Joseph Albert Harvey est né le 19 avril 1886 à Saint-Irénée dans Charlevoix[1].  Il est un autre fils célibataire de la septième génération de Harvey qui quittera son village natal de Charlevoix le 9 avril 1905, alors qu’il est sur le point d’avoir dix-neuf ans[2].  Il part rejoindre Wilfred Harvey (1875-1917), son demi-frère et sa tante, qui vivent tous deux à Salem au Massachusetts.  Joseph Harvey est le septième fils et onzième enfant de Guillaume Harvai (1835-1913) à Denis Hervé (1803-1887) à David Hervé (1764-1837) chez Dominique Hervé (1736-1812). 

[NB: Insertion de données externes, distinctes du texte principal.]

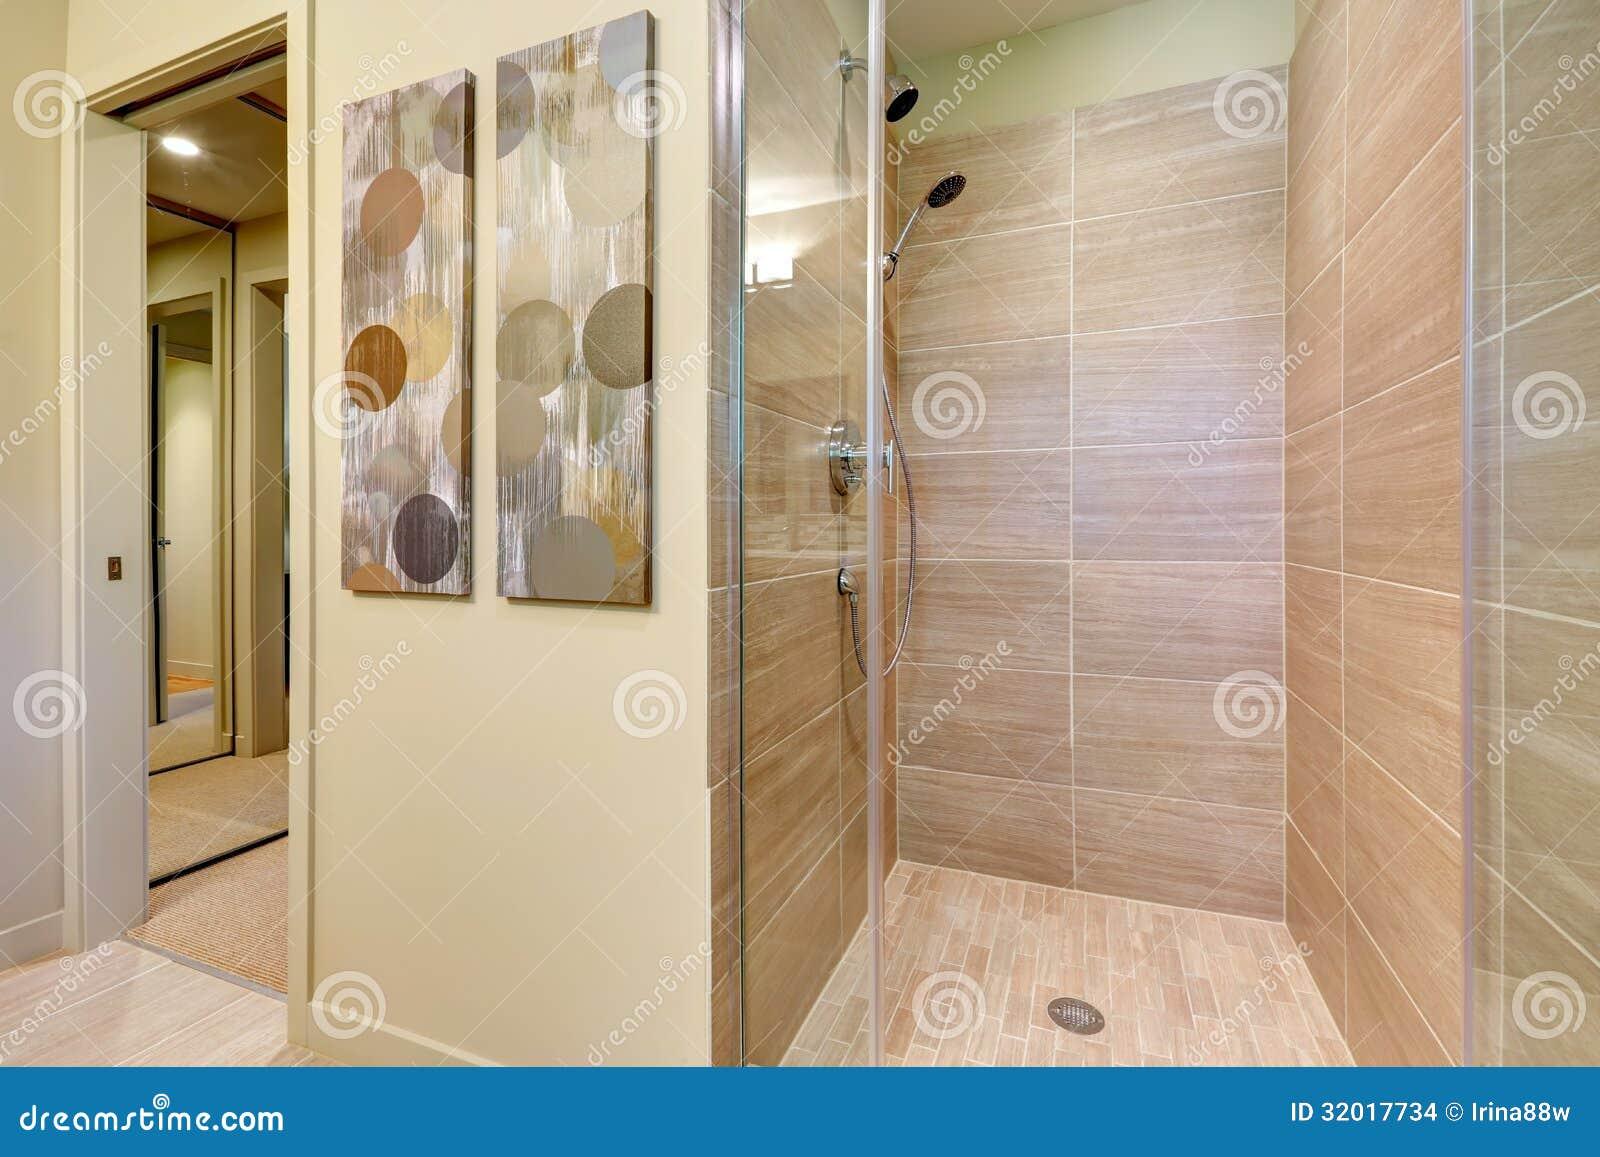 Puertas Para Baño Modernas:Colors for Beige Bathroom Tile Shower

Avec son rang de onzième enfant, Joseph n’a rien à attendre de la terre familiale.  Il n’en jouira jamais.  Il sait donc depuis longtemps qu’il devra construire son avenir ailleurs que sur le lopin de terre de son père et il reluque probablement depuis des années son demi-frère Wilfred (1875-1917), parti faire sa vie aux États-Unis.  Ce dernier revient régulièrement se pavaner à Saint-Irénée et raconter comment la vie là-bas est différente.  Wilfred n’est pas le seul à rapporter les histoires de cette grande ville américaine de Salem, car de nombreuses familles du village ont un parent ou un enfant établi là-bas et qui se pointe le nez de temps en temps, rapportant des récits surréels sur la vie américaine.  Joséphine Duchêne, la tante de Joseph, y vit d’ailleurs depuis 1895.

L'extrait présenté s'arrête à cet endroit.